The following is a guest post from William at DropDeadMoney.com

Dave walked into work one morning, dropped his keys and sunglasses on the desk, and slumped into his seat with a huge sigh.  “Dang! What am I going to do about this ticket?” Dave was a gentle soul and this is the foulest language I ever heard from him.

This was serious. He worked for me right after the turn of the century (you know, the one in our lifetime) and he got a ticket for driving on bald tires on the way to work that morning.

I knew the reason he got the ticket. He had worried aloud a few times in the preceding weeks that he couldn’t afford new tires for his Lincoln Navigator, to which he had added flashy rims when he bought it. The car looked really great, but those rims meant the tires were several hundred dollars. Each. To replace them all would be well north of a thousand dollars. Money he just didn’t have.

lifestyle inflation

Just a fancy car…

Dave and his wife owned a huge mansion in one of the tony suburbs of South Orange County. We’re talking like 5,000 square feet for two people kind of mansion. They bought it in the early days of the dot com boom, when they each had a job paying six figures, so they figured they could buy anything. And they did.

But we all know what happened to the dot com thing. Dave and his wife both lost their lucrative positions and had to take what jobs they could, at significantly lower pay scales. Which is why Dave found himself working for me as a staff accountant.

With their incomes cut by more than half, they were behind in their mortgage payments, and falling behind further every month. Every nickel they had went into the house, and it didn’t seem like it made any difference.

That is why he kept putting off getting new tires… and why he got the ticket.

An hour later, he still sat there, staring at a blank computer screen. Figuring he wasn’t going to get anything done that day, I suggested we go downstairs and get a cup of coffee.

It was a tough exchange. I already knew the story from prior conversations, and I really felt for the guy. But what could I say? I told him to sell everything and scale down. What else? Of course, they would lose their shirts because they would be selling low after buying high. After talking through the gut wrench it would take to do that, we eventually made our way back to the office.

The following week Dave and his wife went for it and sold the house and both (nice) cars.

A few weeks later he arrived at work and took me down to the parking garage to show me something. It was his new car: a used Corolla. It cost him only a little more than those tires would have!
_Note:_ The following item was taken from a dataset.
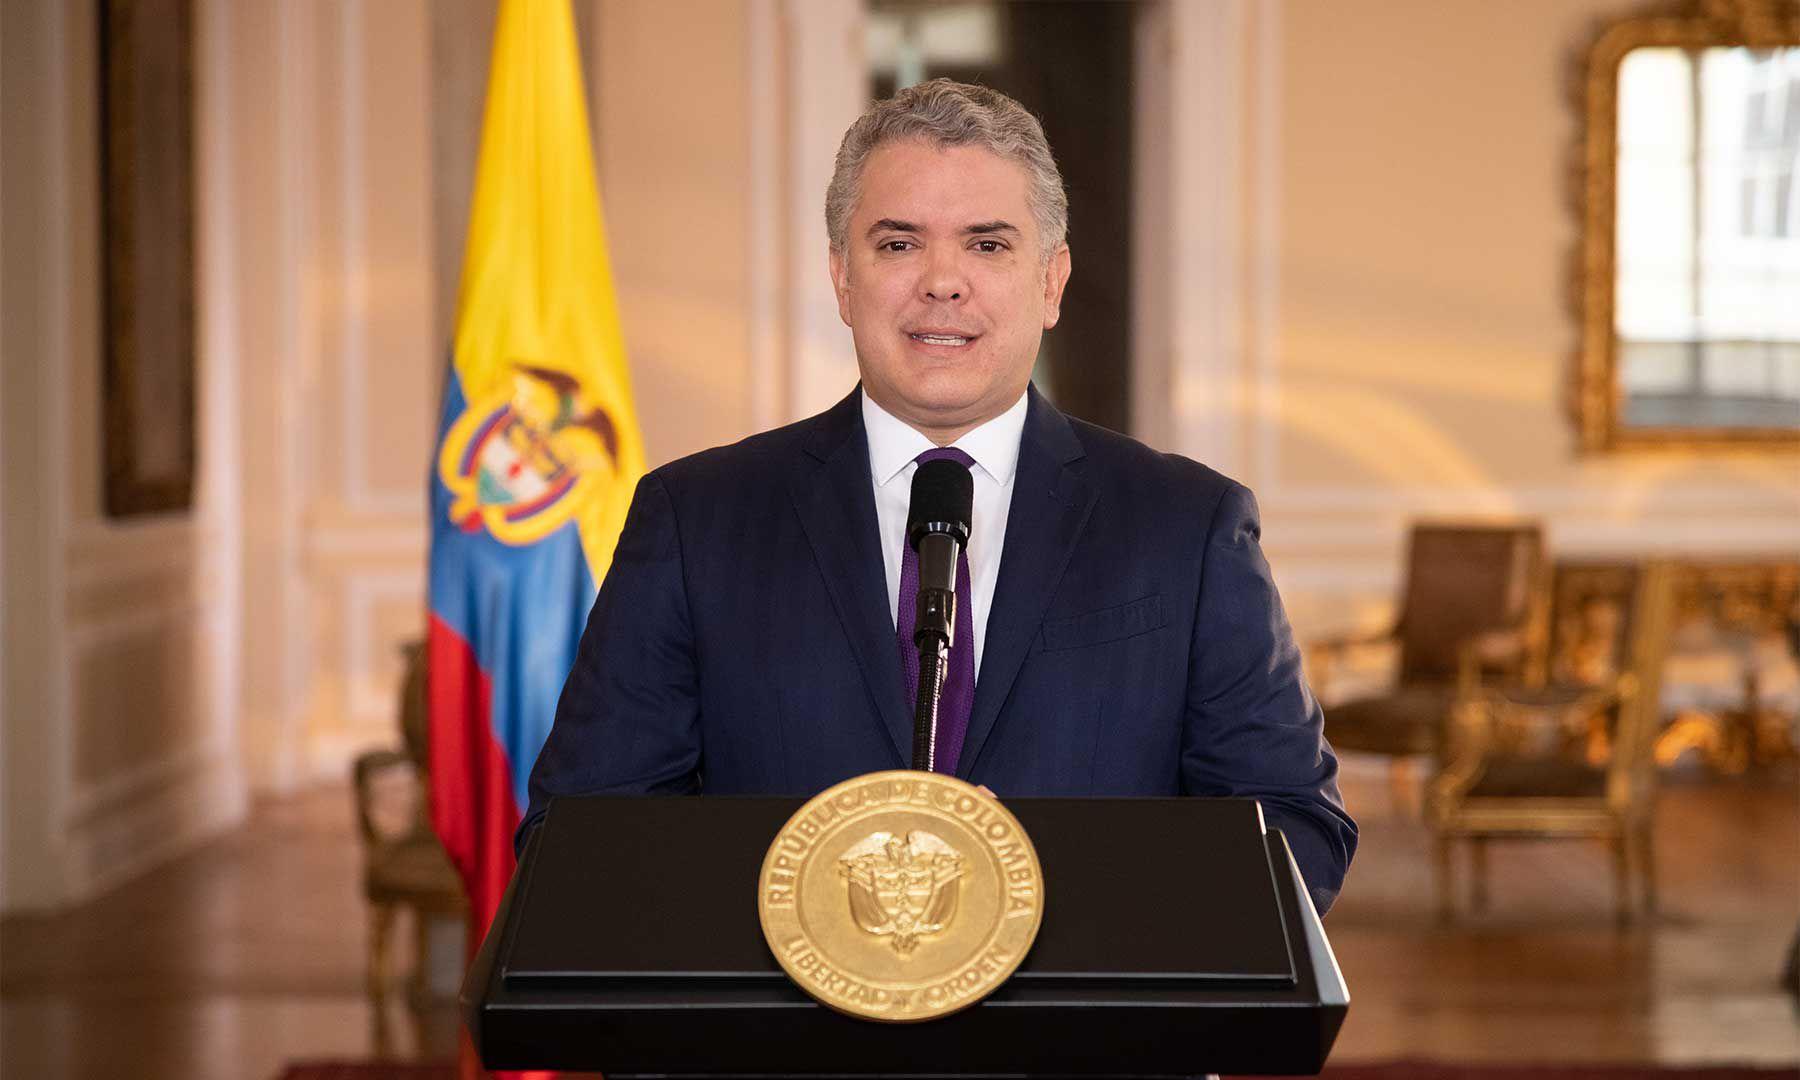 El presidente Iván Duque se pronunció con ocasión del Día del Trabajo. Foto Efraín Herrera, Presidencia de la República.

But here’s what I remember most: the huge smile on his face as he showed me that simple little car. I asked him about it, because that reaction is definitely not what I would have expected. Didn’t he kinda feel down after trading his fancy Navigator for the humble little Corolla?

“Oh no,” he said, “I traded a millstone for freedom!”

I never forgot that.

We All Do “Corolla Time”

And as I thought about Dave’s situation some more, it struck me that in the long run, we’re all going to do “Corolla time,” one way or the other. Let’s be honest, we all like to drive a nice car. But oftentimes we become impatient. Rather than save up for it while driving a humble little beater, we go into debt to get that nice set of wheels. But debt is a presumption on the future, which (as we know) is promised to no-one.

Sometimes it’s not just impatience, it’s peer pressure. When all the others arrive in their shiny Beemers and Benzes at a party or wherever, we don’t want to pull up in a beater.

Dave didn’t either. And that’s why he got the Navigator. But here’s the funny thing: after this little episode, Dave had to arrive at those parties with his little Corolla. It didn’t matter what others thought — he had no choice.

Dave didn’t realize he could do “Corolla time” by choice on the way up, or involuntarily on the way down. He was going to do Corolla time either way; his only choice was when.

It’s the same for all of us. We can do our Corolla time while we’re saving up to do things right (i.e. not with debt). Or we can do it when we’re humiliated in a recession and forced to sell everything at a loss. Because there is always a recession. That’s a given. We just never know exactly when.

So you have a choice. When do you want to do your Corolla time?